Alappuzha: The roar and stink of diesel engines on Kerala’s backwaters is being fast replaced by the quiet hum of solar-powered propulsion. In a significant stride towards sustainable and cleaner energy, the Kerala State Water Transport Department (SWTD) plans to induct at least one solar boat in its fleet every month this year. And the drive will start with the launch of ‘Indra’, India’s largest Solar-Electric boat, in two weeks.

“The double-hull solar cruise boat, exclusively for tourist voyages, is expected to join the SWTD fleet within the next couple of weeks. The AC double-decker boat, the largest solar boat in the country, will have 100 seats along with Food Counter and Onboard Entertainment facilities. It will be deployed to operate cruise trips to the destinations on the sea-mouth such as Vypeen and Fort Kochi,” said Shaji V Nair, Director, SWTD.

The boat has been brought to Kochi, and the final work of the food counter is progressing. The cruise vessel, which can accommodate 100 passengers, has a specially-made “open-spaced” upper deck where the tourists can enjoy the alluring sceneries of the backwaters. “Indra will offer a three-hour long sail and is scheduled to operate twice daily, at 10.30 am and 3 pm. Since it operates on solar energy, the cost of operations will be much lesser and so will the ticket fares,” added Shaji V Nair.

Solar cruise delights
The preference for onboard food counters is not solely based on convenience but reflects the changing travel preferences. Tourists, weary of conventional dining options, are drawn to the allure of enjoying fresh and locally sourced meals while surrounded by the beauty of nature. “Vega, cruising the backwaters of Alleppey, which too has an onboard food counter, is having much demand among the tourists, which is one reason we decided to extend delectable onboard culinary offerings. The boat will have a cafeteria on the upper deck. There will be four tables, each having a capacity of eight people. We’ll be mainly offering delicacies and snacks,” he said.

The Kerala State Inland Water Navigation Corporation (KSINC) has already harnessed the trend, introducing onboard dining on its cruise service for tourists, and they are yielding good responses. “For instance, we offer fish curry, Fish Fry Meal, morning and evening tea, and snacks in the services along the Kochi-Palaikari route, covering the three districts of Ernakulam, Kottayam, and Alappuzha. The services using ‘Michelle’ and ‘Cleopatra’ boats are enjoying a good demand. The next trip is on January 26. The ticket is priced at Rs 999,” said a KSINC official.
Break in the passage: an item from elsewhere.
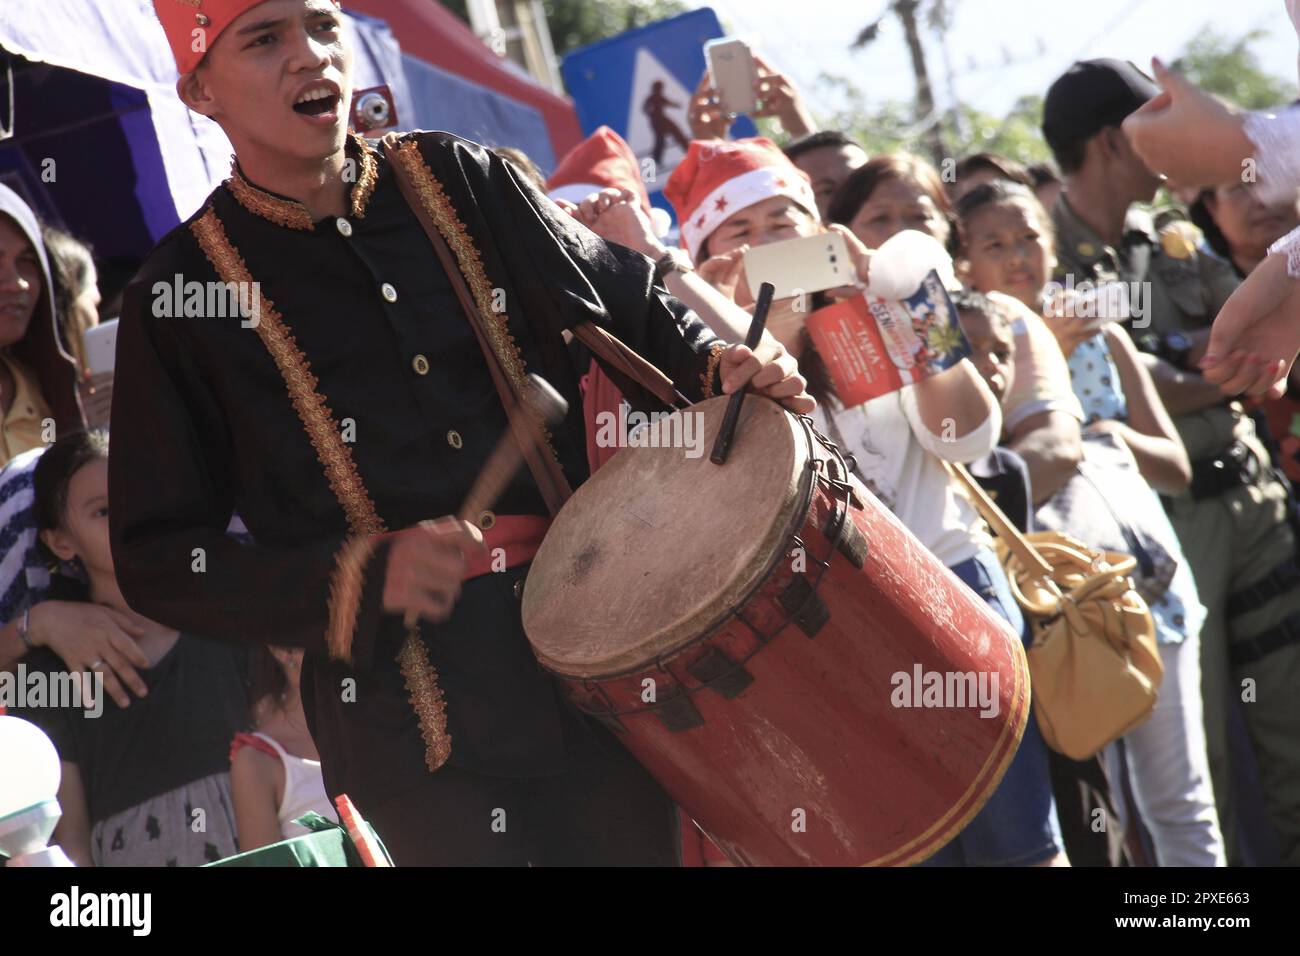 Maengket-Tanz beim Festival, ein traditioneller Tanz der Minahasa in Indonesien Stockfoto

Indra is India’s largest solar-electric boat. Photo: Krishna Kumar KE

“Similarly, we have restarted the cruise ship service ‘Nefertiti’ from January 13. It too has onboard dining and entertainment facilities and so does Sagar Rani, the cruise vessel operating the sun-set service,” the official added. SWTD aims to roll out one solar boat every month this year. Starting next month, the SWTD plans to induct at least one solar boat in its fleet every month. Works on these 14 IRS (Indian Registrar of Shipping) – class vessels, with varying passenger capacities, are currently progressing in different stages at private yards in Kochi.

The first of the two solar passenger boats to join the SWTD fleet are most likely to be deployed in the busy routes of Mohamma-Kumarakom and Vaikom-Thavanakkadavu. “The sector and schedule will be finalized based on a survey that will take into account different factors, including passenger demand,” they said. SWTD Director Shaji V Nair attributed the renewed focus on emission-free vessels to the response that the CM’s journey on board Aditya, the country’s first solar-powered ferry, generated within the state bureaucracy.

The cruise vessel, which can accommodate 100 passengers, has a specially-made “open-spaced” upper deck where the tourists can enjoy the alluring sceneries of the backwaters. Photo: Krishna Kumar KE

Last month, the CM sailed on board the solar boat to cross over the Vembanad Lake during his state-wide journey to hold the Navakerala Sadas. “The design and specifications of these vessels were finalized after analyzing the operation of the pilot project — Adithya. Accordingly, some changes have been introduced in the overall designs and with the battery capacity to ensure adequate running time,” the official said.

Aditya, according to the SWTD officials, has sailed a distance of over one lakh kilometres and served over 10 lakh passengers within the first three years of its operation alone. It has helped the SWTD save diesel worth several lakhs, with the daily cost of operation remaining at a rock-bottom price of around Rs 250.